Extreme event analysis using quantile regression
What do you do when variability increases, but the mean remains unchanged? Typical regression techniques would miss the shifts! Image credit: IPCCClimate change will increase the frequency and severity of extreme events. Unfortunately, modeling extreme events is hard. First, you need a lot of data. Second, most statistical models are not designed for extreme events. Third, those extreme event models that do exist have a high barrier to entry. Here I’ll discuss a model I have found very helpful in my research to tackle these challenges: quantile regression.
Why quantile regression?
- Flexibly explore different parts of the target distribution (e.g. the tails)
- Detect changes in mean, variability, and skew
- Utilize the full dataset
- Robust to outliers
- Easy implementation thanks to quantreg package in R
Most standard statistical methods are well suited to analyzing changes in the mean. But, what happens when there are changes in variability? The opening graphic above from the IPCC demonstrates one such use case of quantile regression. Standard linear regression would report no trend in the mean, from which you might assume there is no trend in extreme events, hugely underestimating your climate risk.
Detecting changes in distribution shapes
Let’s walk through a few examples of shifts in the shape of the distribution, what they mean for extreme events, and how you would measure them with respect to different quantile trends.
Here I will consider trends in the 10th, 50th (median), and 90th percentiles. I have seen other applications use the 5th and 95th percentiles instead, which look at trends in even more rare events. My word of caution is that your dataset should increase in size as you explore more and more extreme quantiles.

The first scenario is a simple shift in the mean/median (a). This is the default assumption of most trend analyses I have seen in climate sciences.
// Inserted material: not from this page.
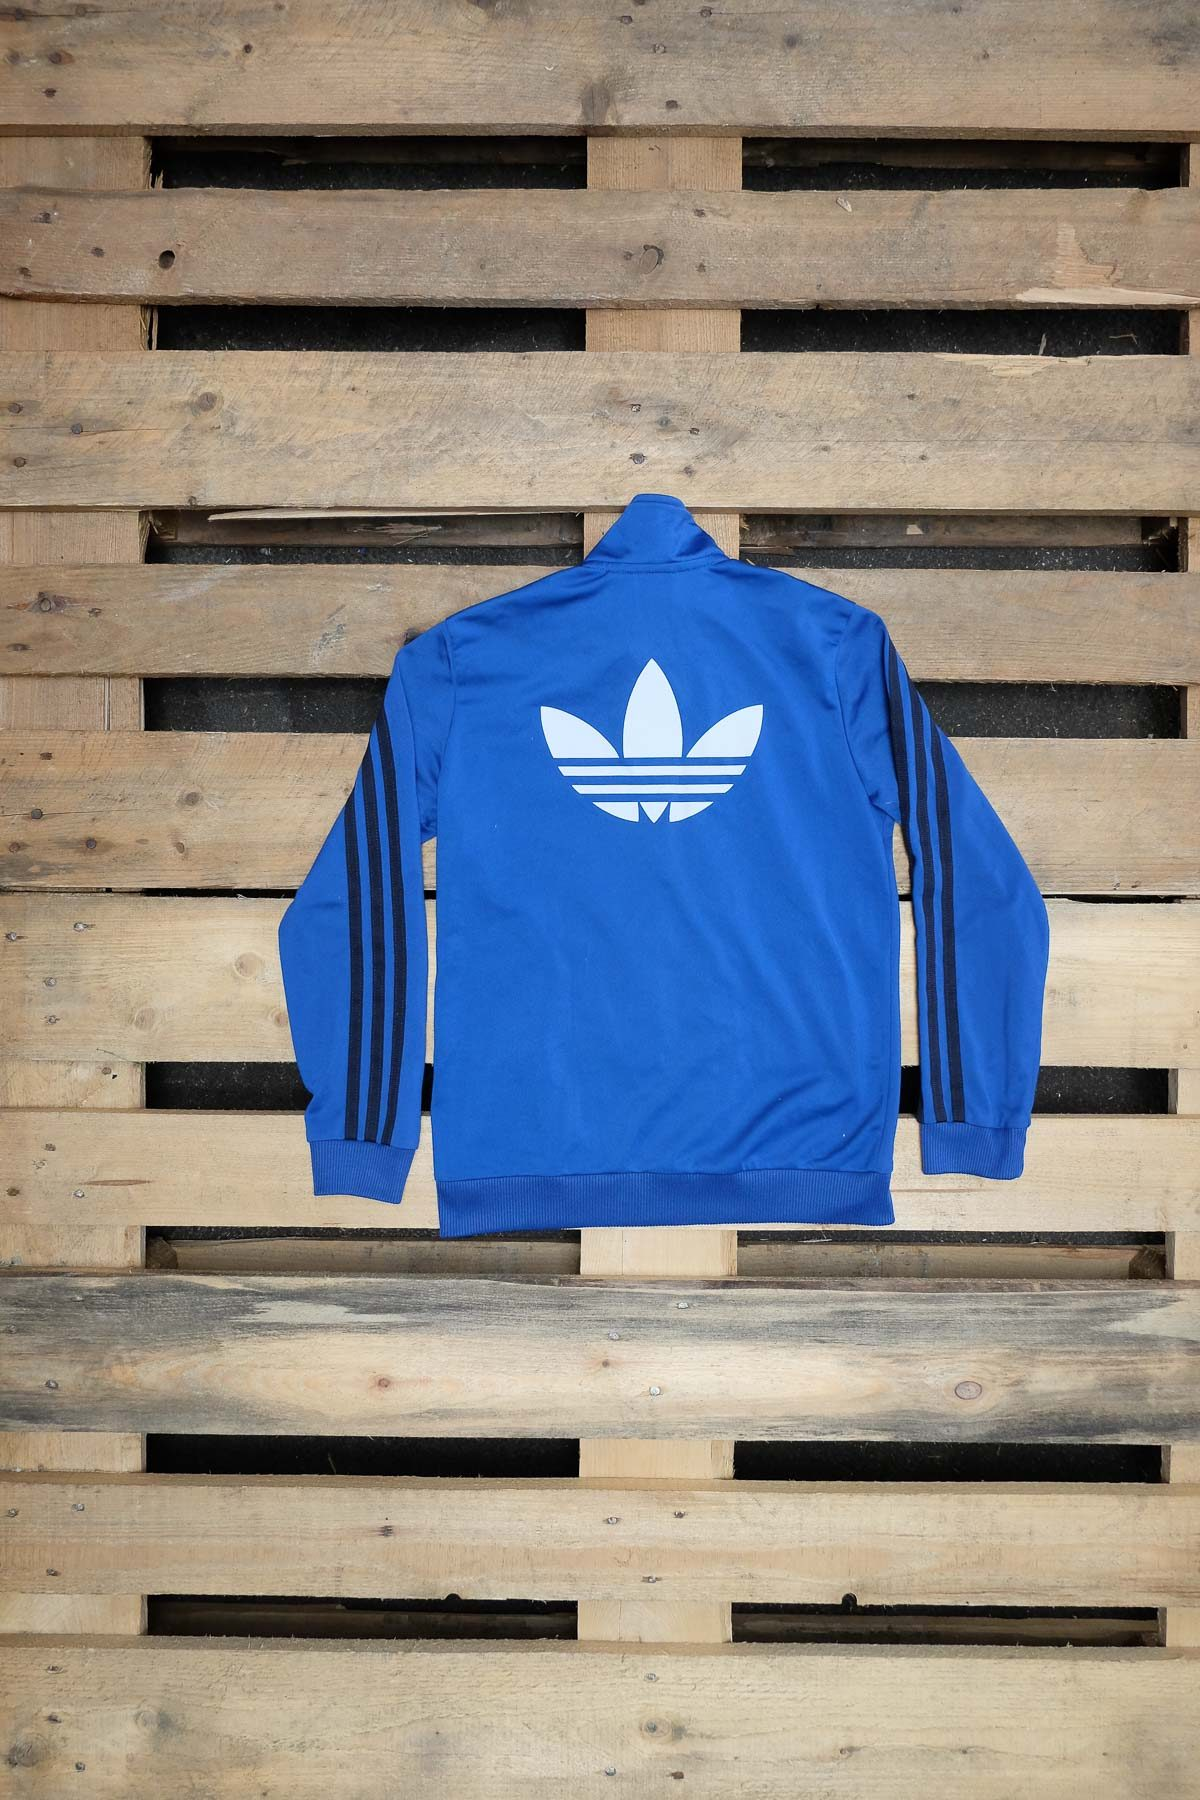 Adidas Original FELPA VINTAGE

For shifts towards warmer weather, this means more hot extremes and fewer cold extremes. The 10th, 50th, and 90th percentile trends are all positive and roughly equal to each other. Easy!

The second scenario portrays a shift in the median towards warmer conditions along with an increase in variability. This would be the worst case if we are considering temperatures, with an essentially completely new thermal regime. The new regime has a far greater likelihood of extreme warm temperatures. Here the 90th percentile trend exceeds the 50th, which itself exceeds the 10th.
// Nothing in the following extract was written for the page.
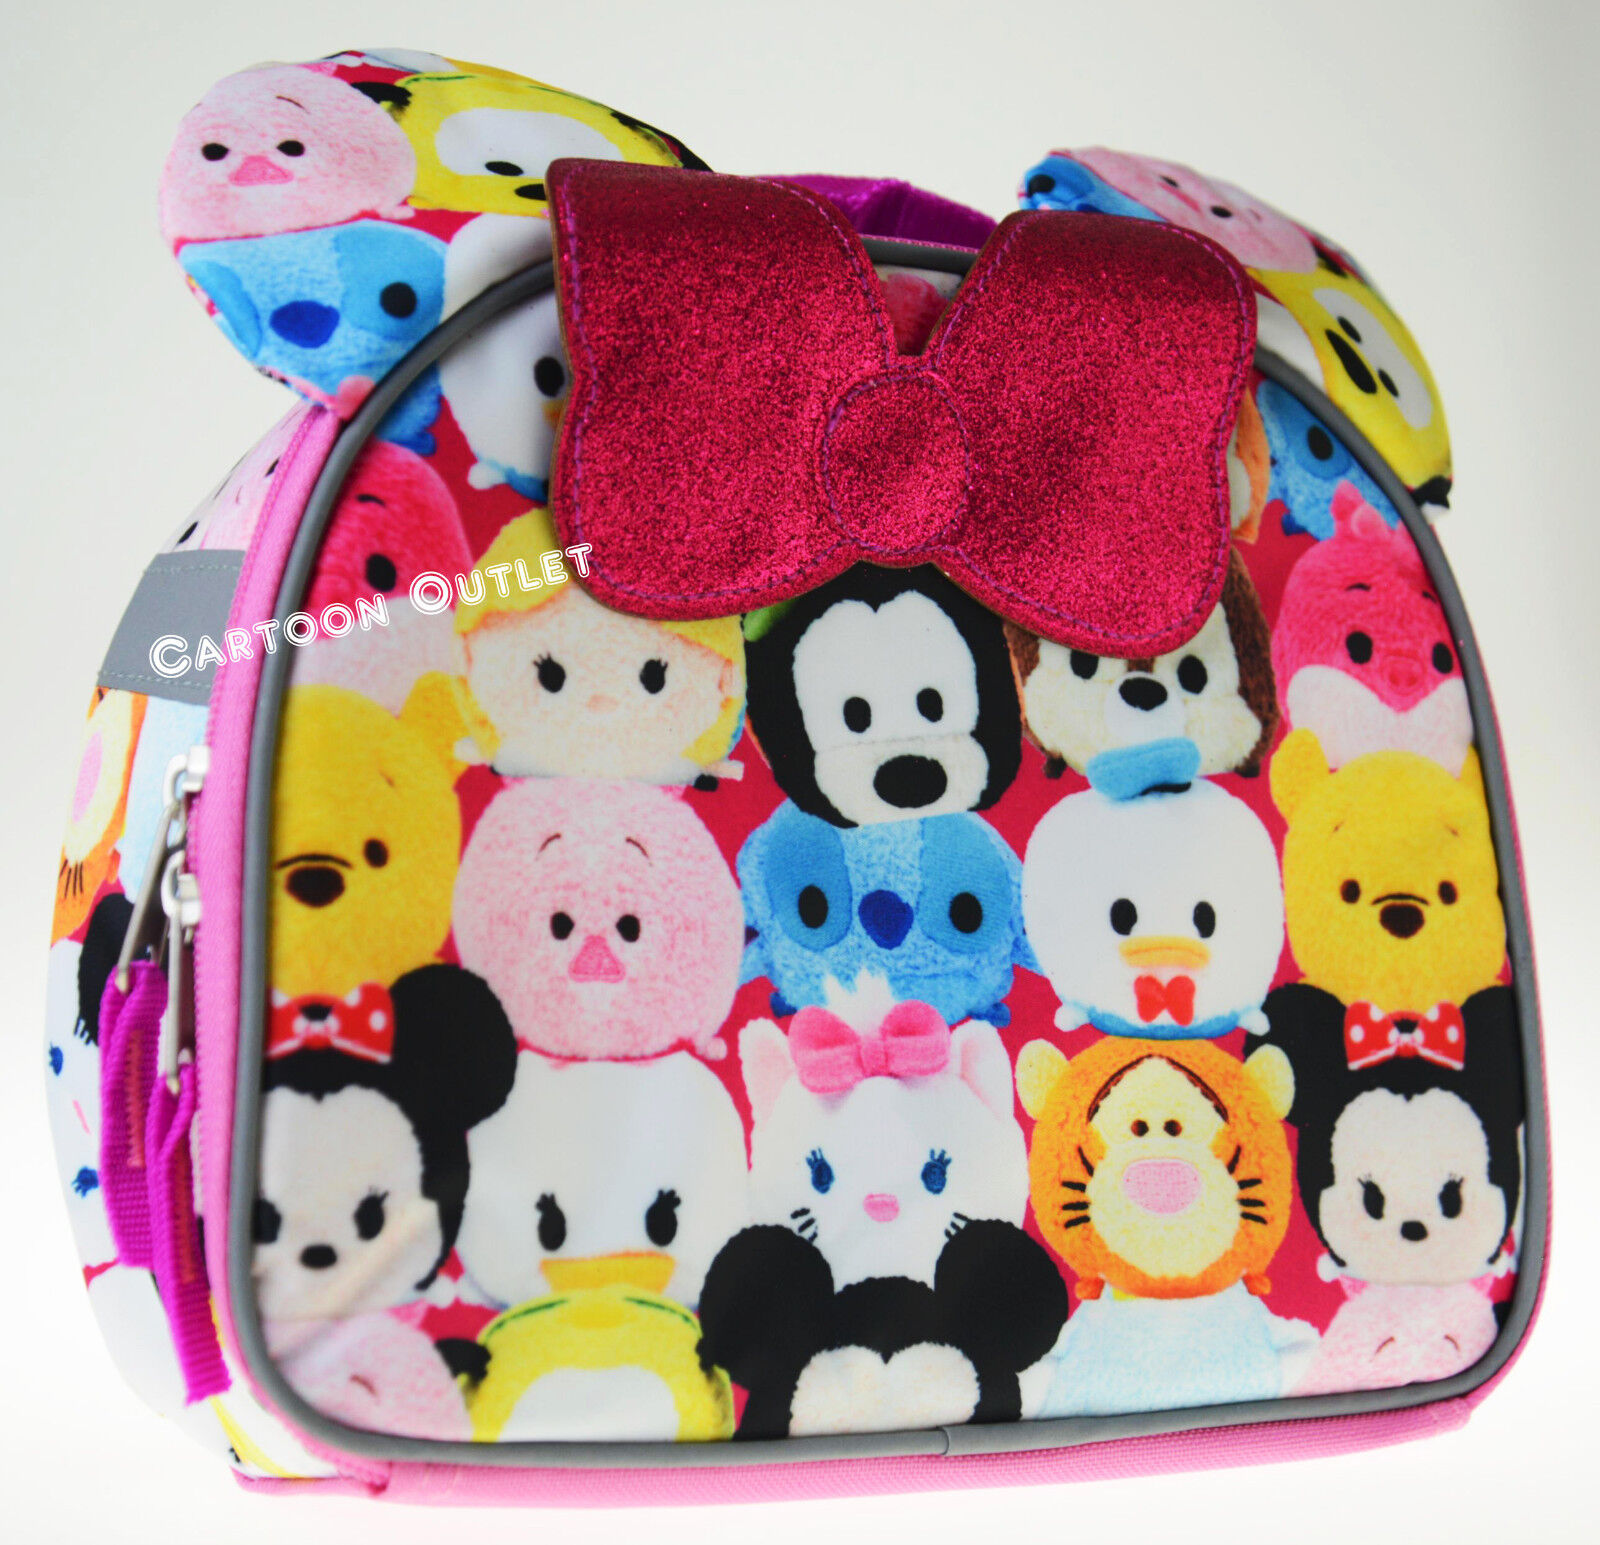 MINNIE MOUSE GIRLS PINK TSUM TSUM LUNCH BAG DISNEY SCHOOL IN

The third scenario portrays a shift in the median towards warmer conditions along with an increase in variability and a change in skew. Skewness can essentially be though of as a measure of distribution symmetry. Skewness is particularly relevant when the initial distributions are not normal, such as with precipitation and tropical cyclone (hurricane) speeds. In the scenario depicted above, subtle changes in the median belie massive increases in the risk of hot extremes. The expansion of variability here is driven primarily by increases in hot extremes.
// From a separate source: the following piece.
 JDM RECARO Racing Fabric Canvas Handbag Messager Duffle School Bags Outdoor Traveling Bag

Application to river temperatures
As part of my PhD, I was interested in how rivers and streams have already responded to climate change. I conducted a trend analysis using quantile regression at 149 rivers across the U.S. utilizing daily water temperature data provided by the U.S. Geological Survey.

This river indicates a decrease in variability driven primarily by warming of the 10th percentiles, i.e. a decrease in cold extremes. Such an analysis provides a much more detailed picture of change in these systems than a typical linear regression. Moreover, we can pinpoint the driver of the changes in variability, something that methods like trends in standard deviation would fail to provide.
Summarizing across the U.S., briefly, we found that 84% of rivers have already experienced warming in median water temperatures, and 77% of rivers indicate a significant change in variability. Nearly half of U.S. rivers show warming of the 90th percentile during summer months, suggesting increasing risk from extreme heat events. Warming of median and extreme temperatures can have important ecological consequences, such as by altering habitat suitability and exceeding species’ thermal thresholds.
Final thoughts
I have found quantile regression tremendously useful in my work and look forward to its continued adoption in industry and academic research. I only scratched the surface in this post by demonstrating univariate quantile regression between temperature and time. As with linear regression, additional covariates can be incorporated to gain further insights into how different covariates interact to influence the response variable distribution and its extremes. A final caveat is that I did not touch on statistical significance testing of regression coefficients. The quantreg package provides several options, and I typically use their bootstrap approach, but these can be complicated when investigating time series trends in the presence of autocorrelation.